» Dataset excerpts:
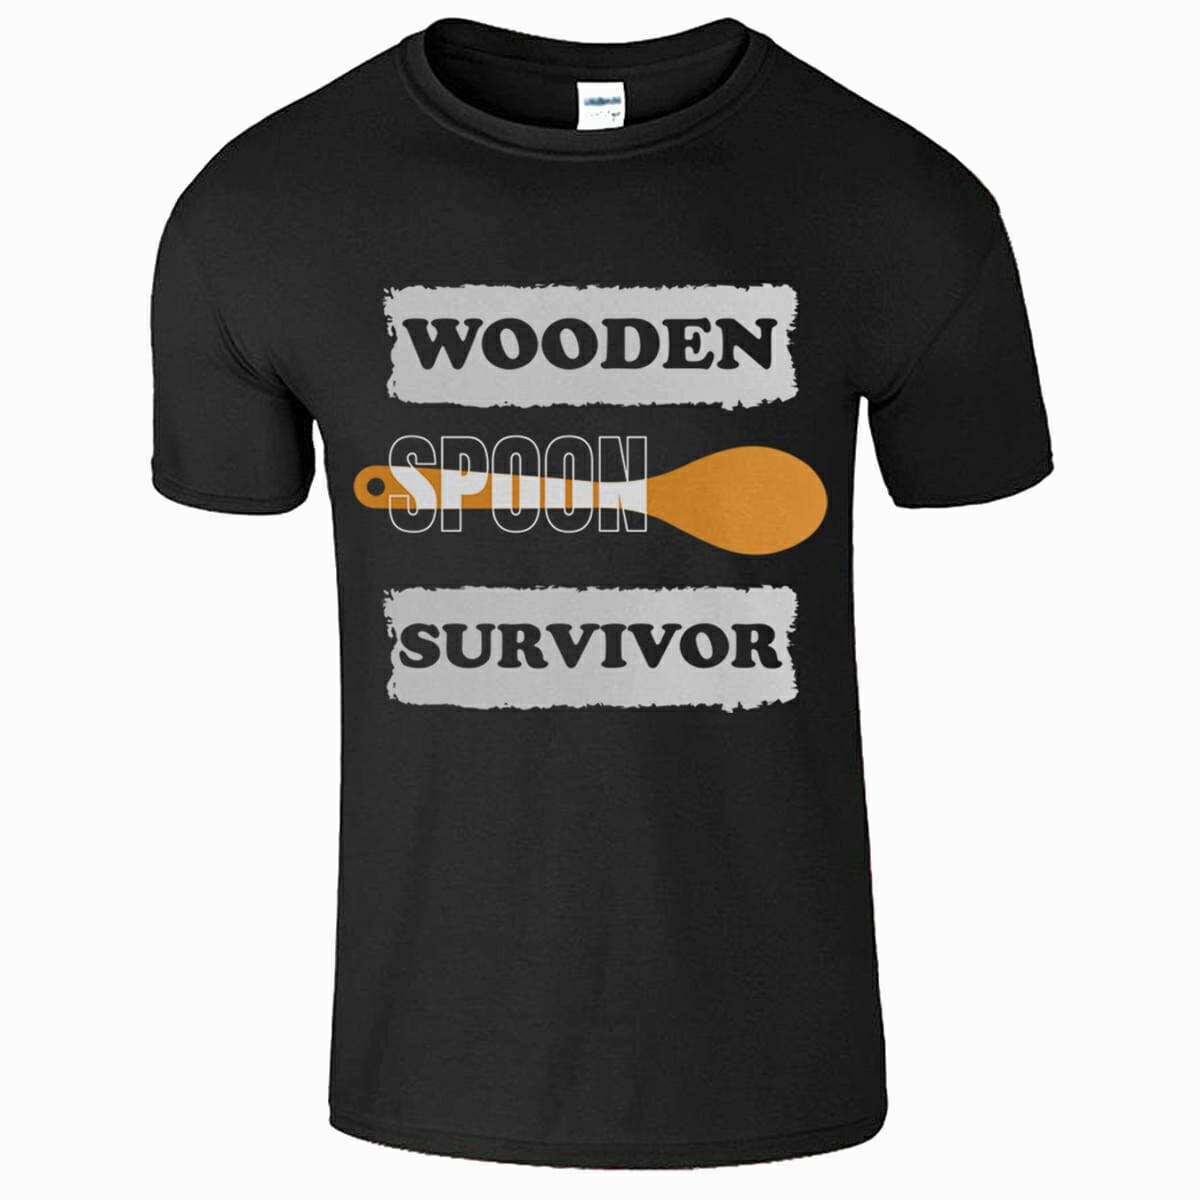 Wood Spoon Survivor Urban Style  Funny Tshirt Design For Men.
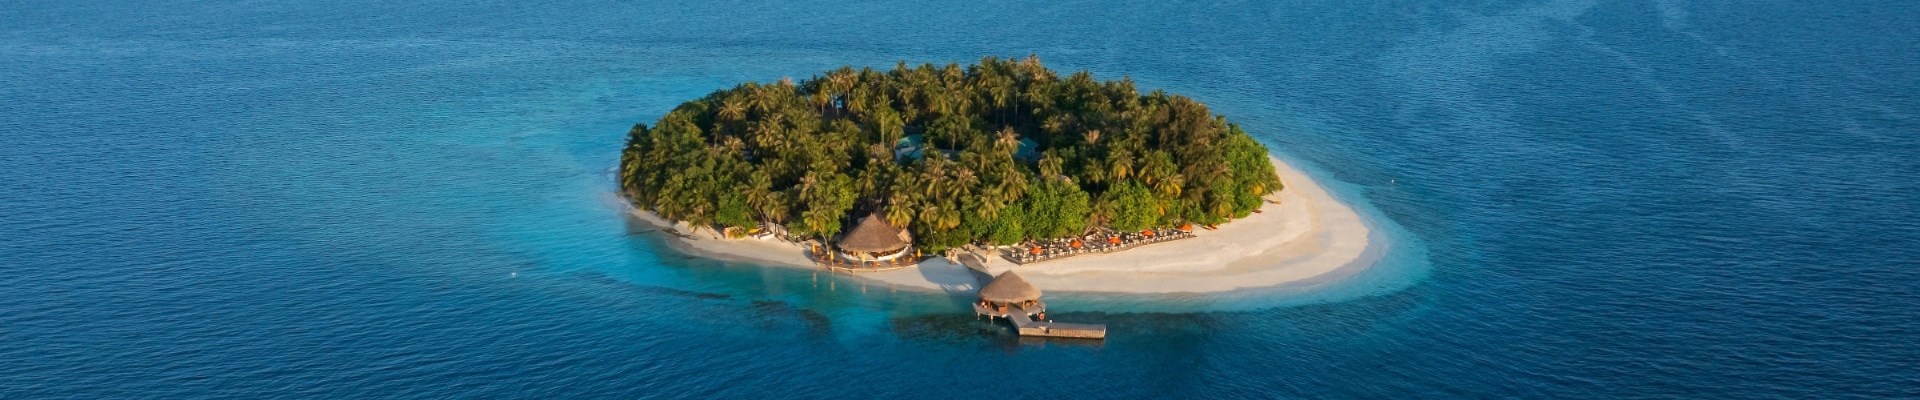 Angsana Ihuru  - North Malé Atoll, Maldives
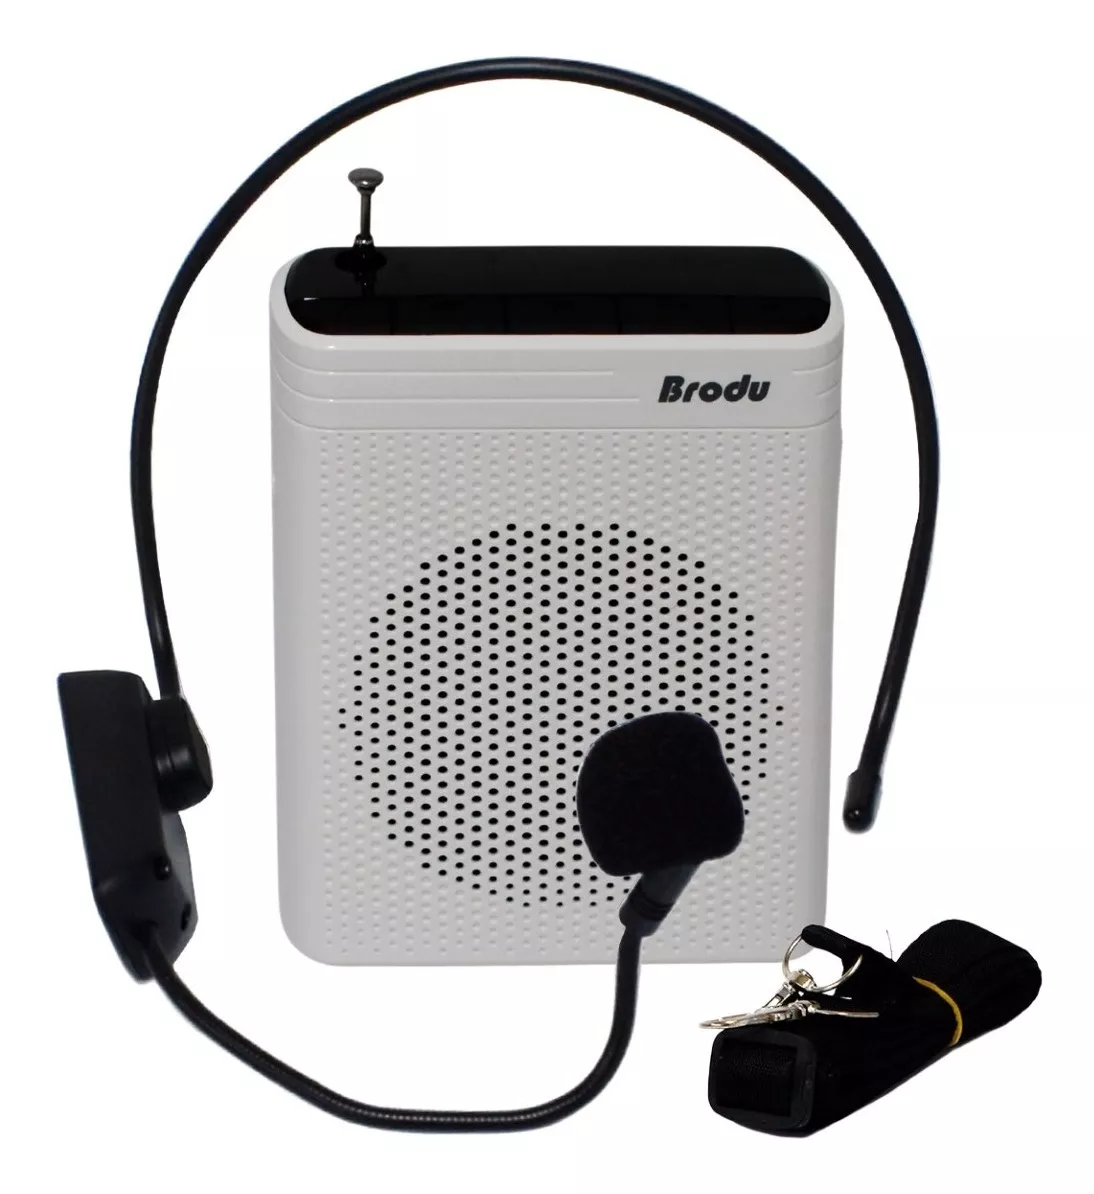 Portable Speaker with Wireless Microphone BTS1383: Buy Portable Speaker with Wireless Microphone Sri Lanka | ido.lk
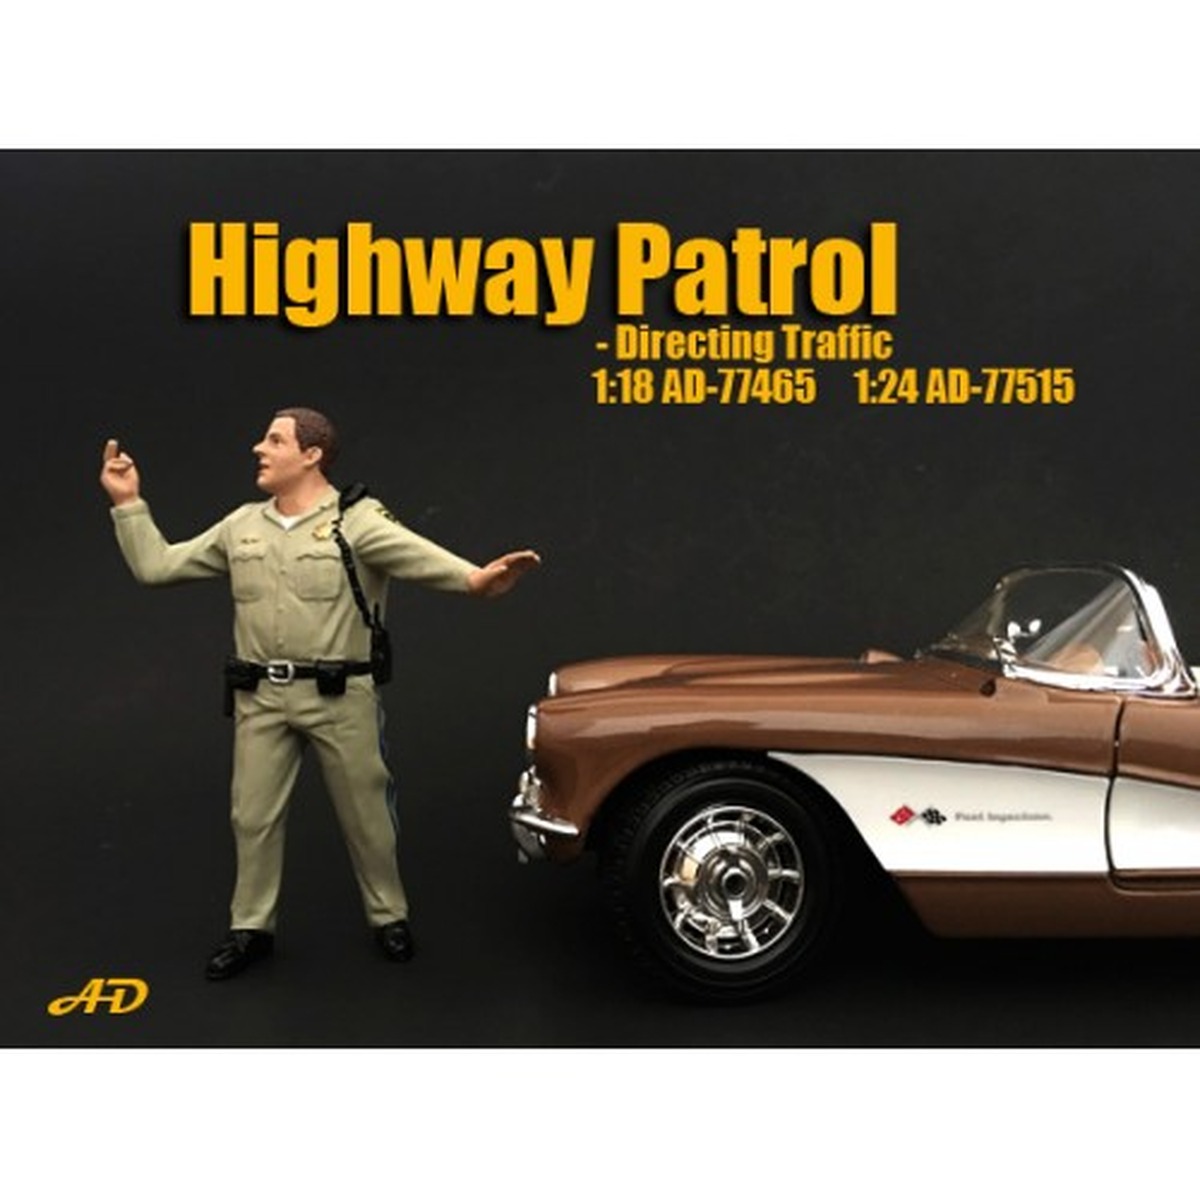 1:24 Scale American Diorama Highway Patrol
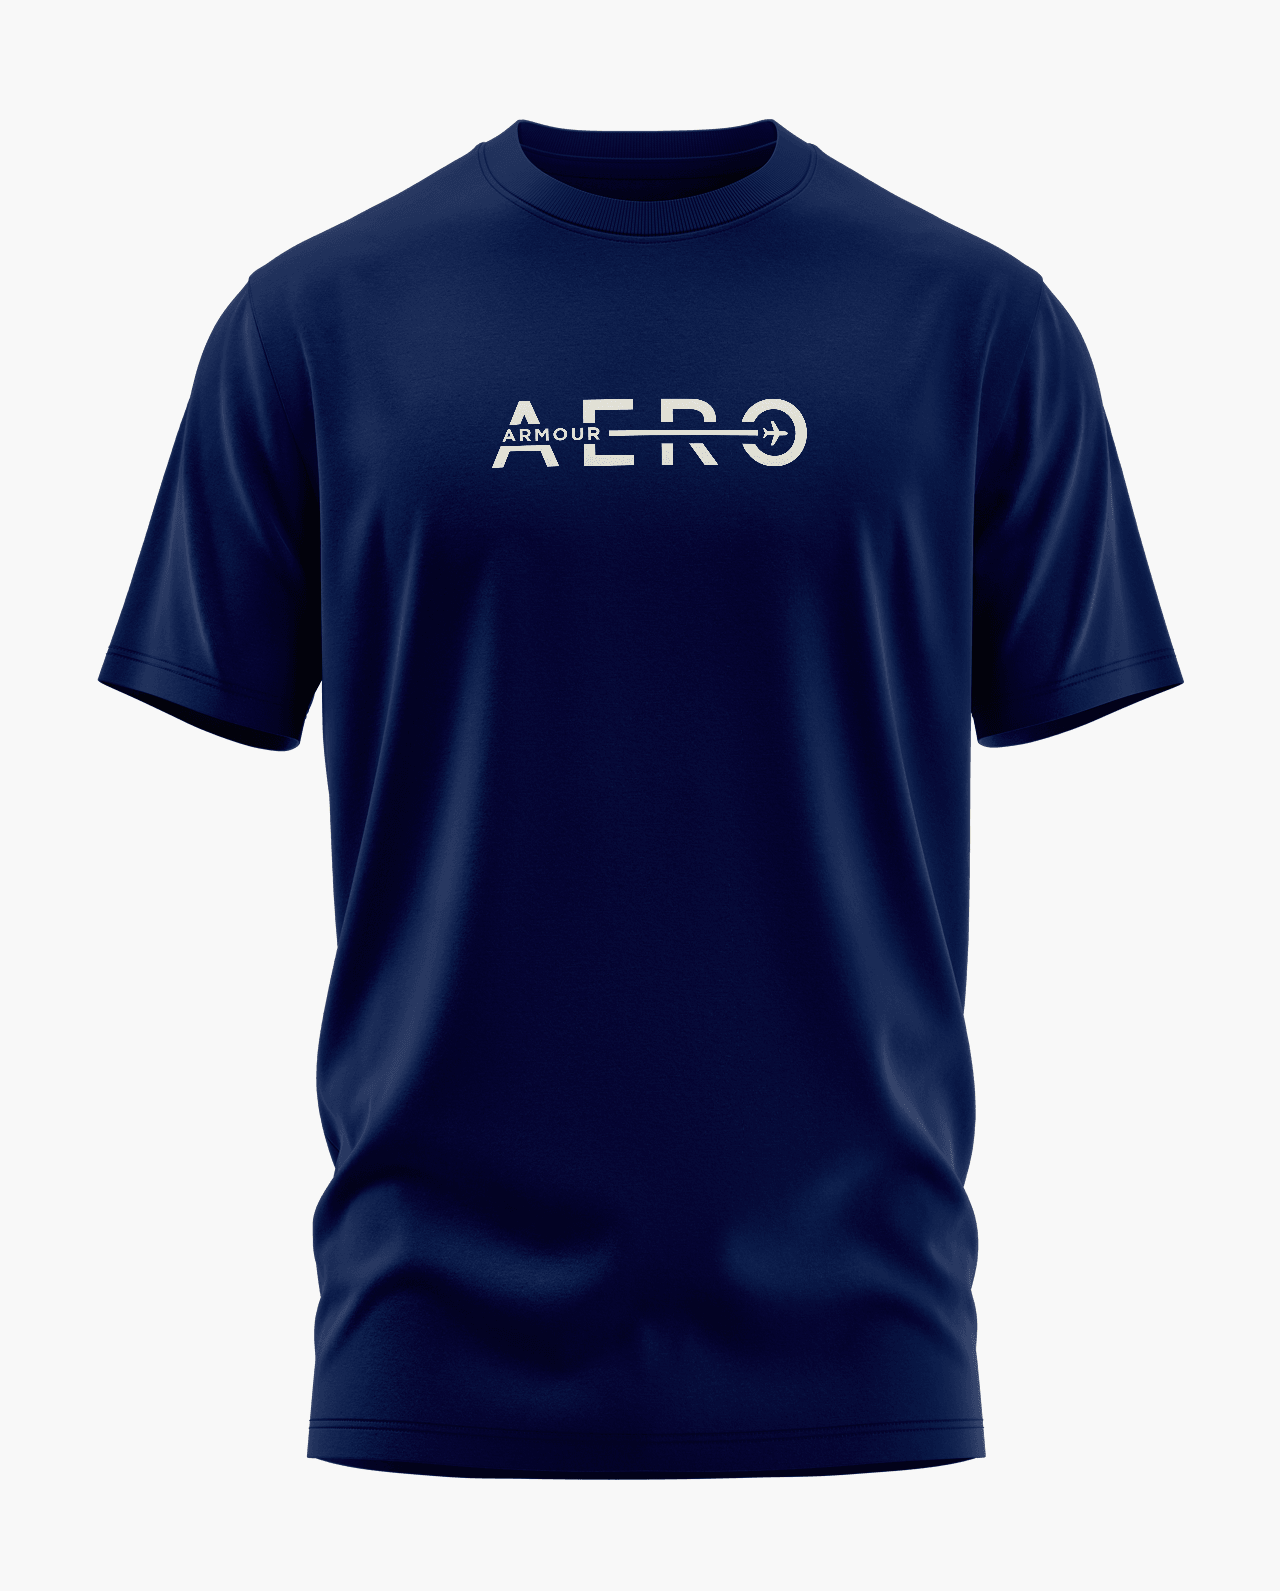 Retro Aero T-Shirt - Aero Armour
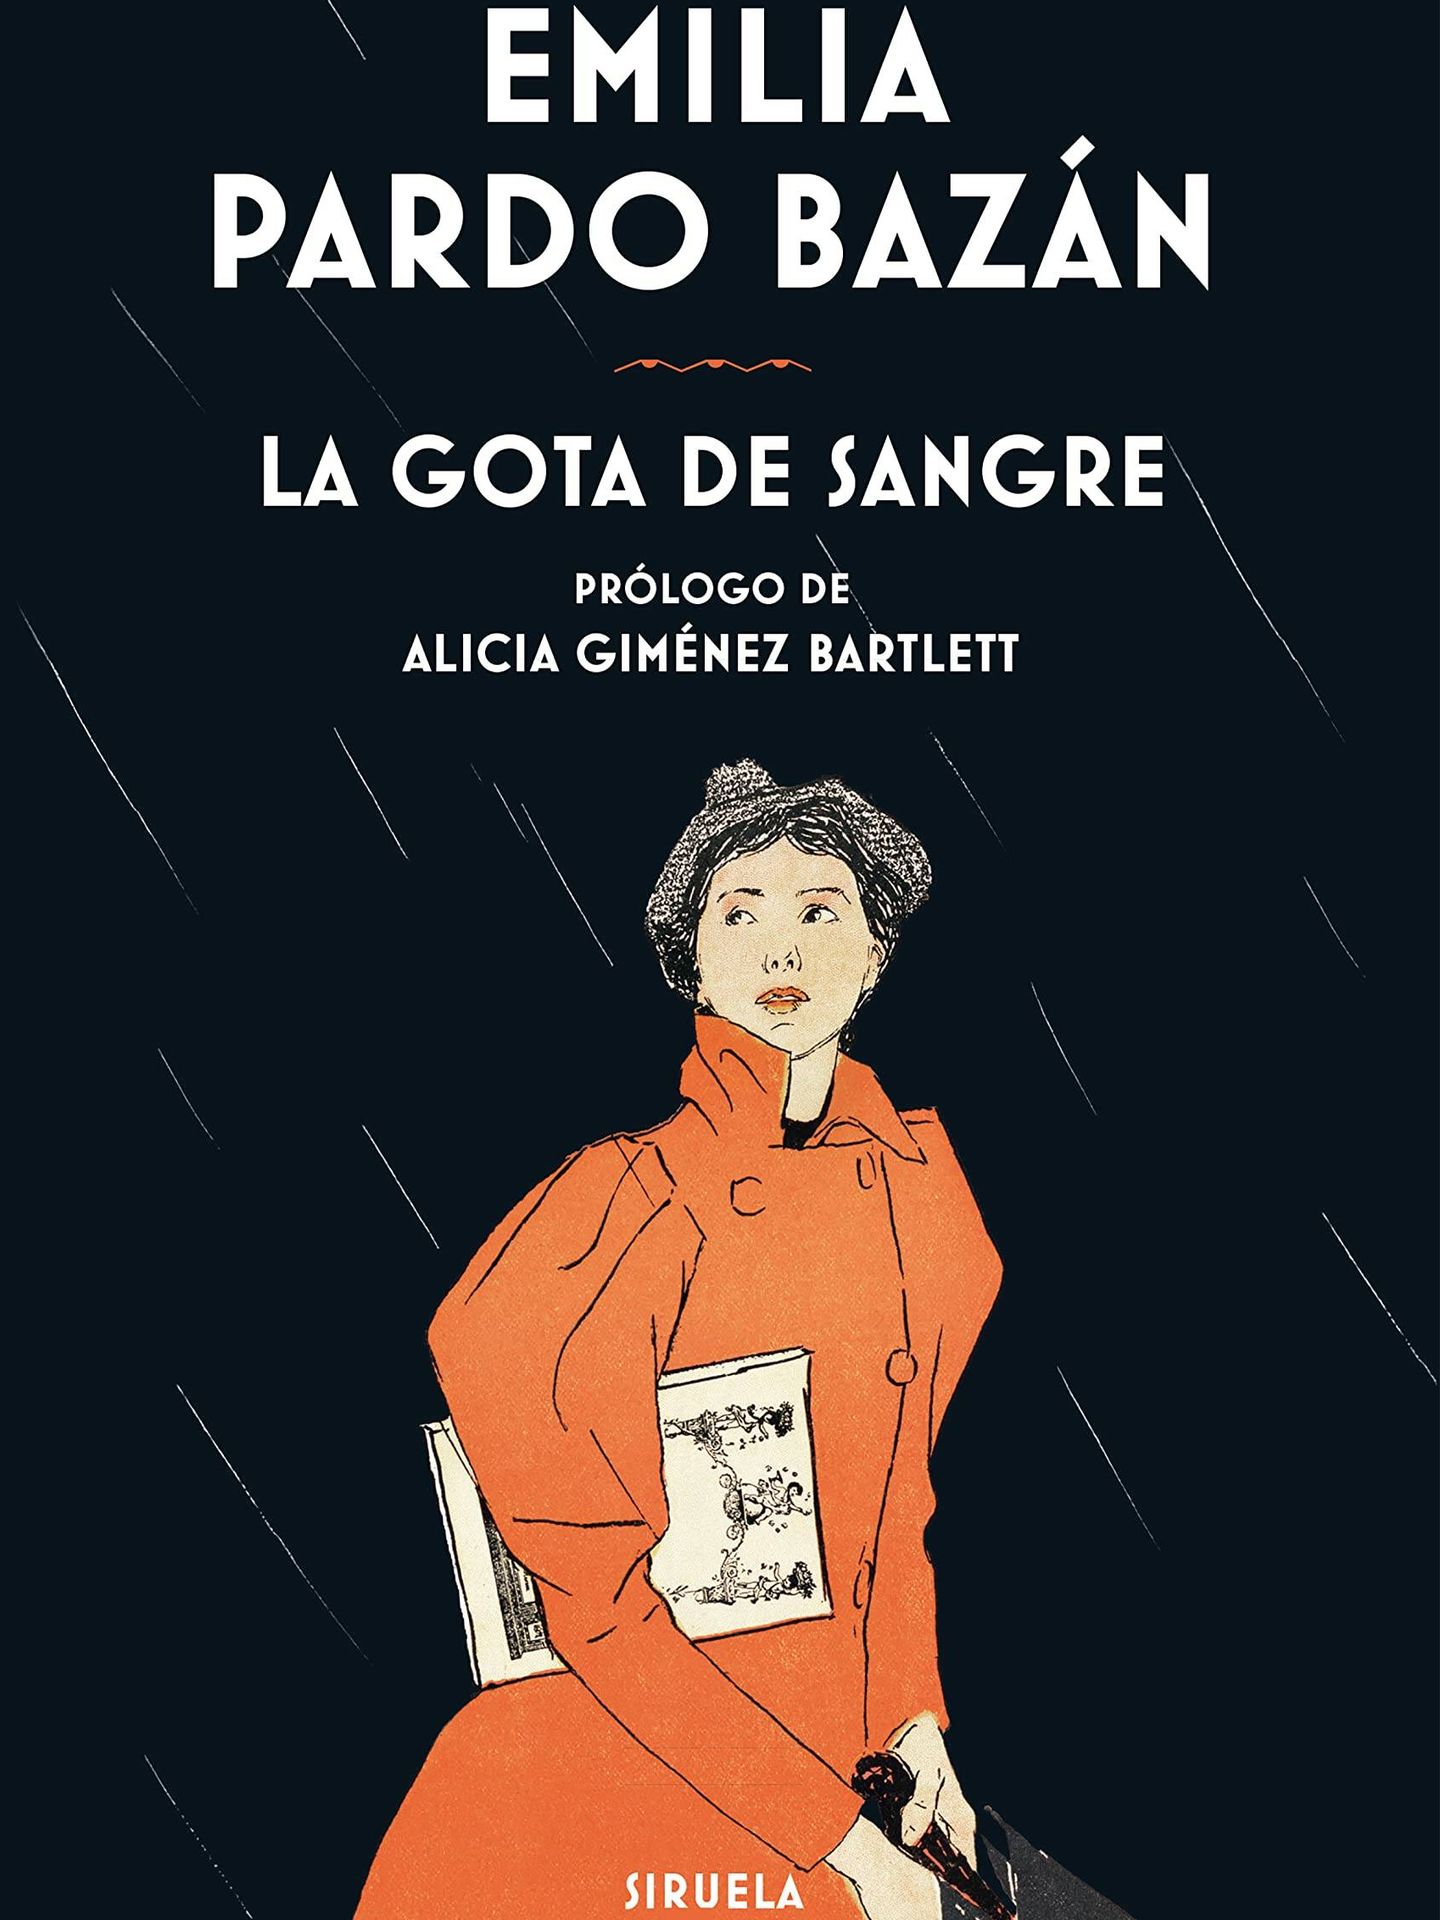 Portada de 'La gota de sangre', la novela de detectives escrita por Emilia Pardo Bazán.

» What is needed:
What you return must match the lines above from the one with "Malé Atoll, Maldives" through the one with "Retro Aero T-Shirt - Aero Armour" exactly, with both ends included and the pictures excluded.

» Exercise response:
 Angsana Ihuru  - North Malé Atoll, Maldives
 Portable Speaker with Wireless Microphone BTS1383: Buy Portable Speaker with Wireless Microphone Sri Lanka | ido.lk
 1:24 Scale American Diorama Highway Patrol
 Retro Aero T-Shirt - Aero Armour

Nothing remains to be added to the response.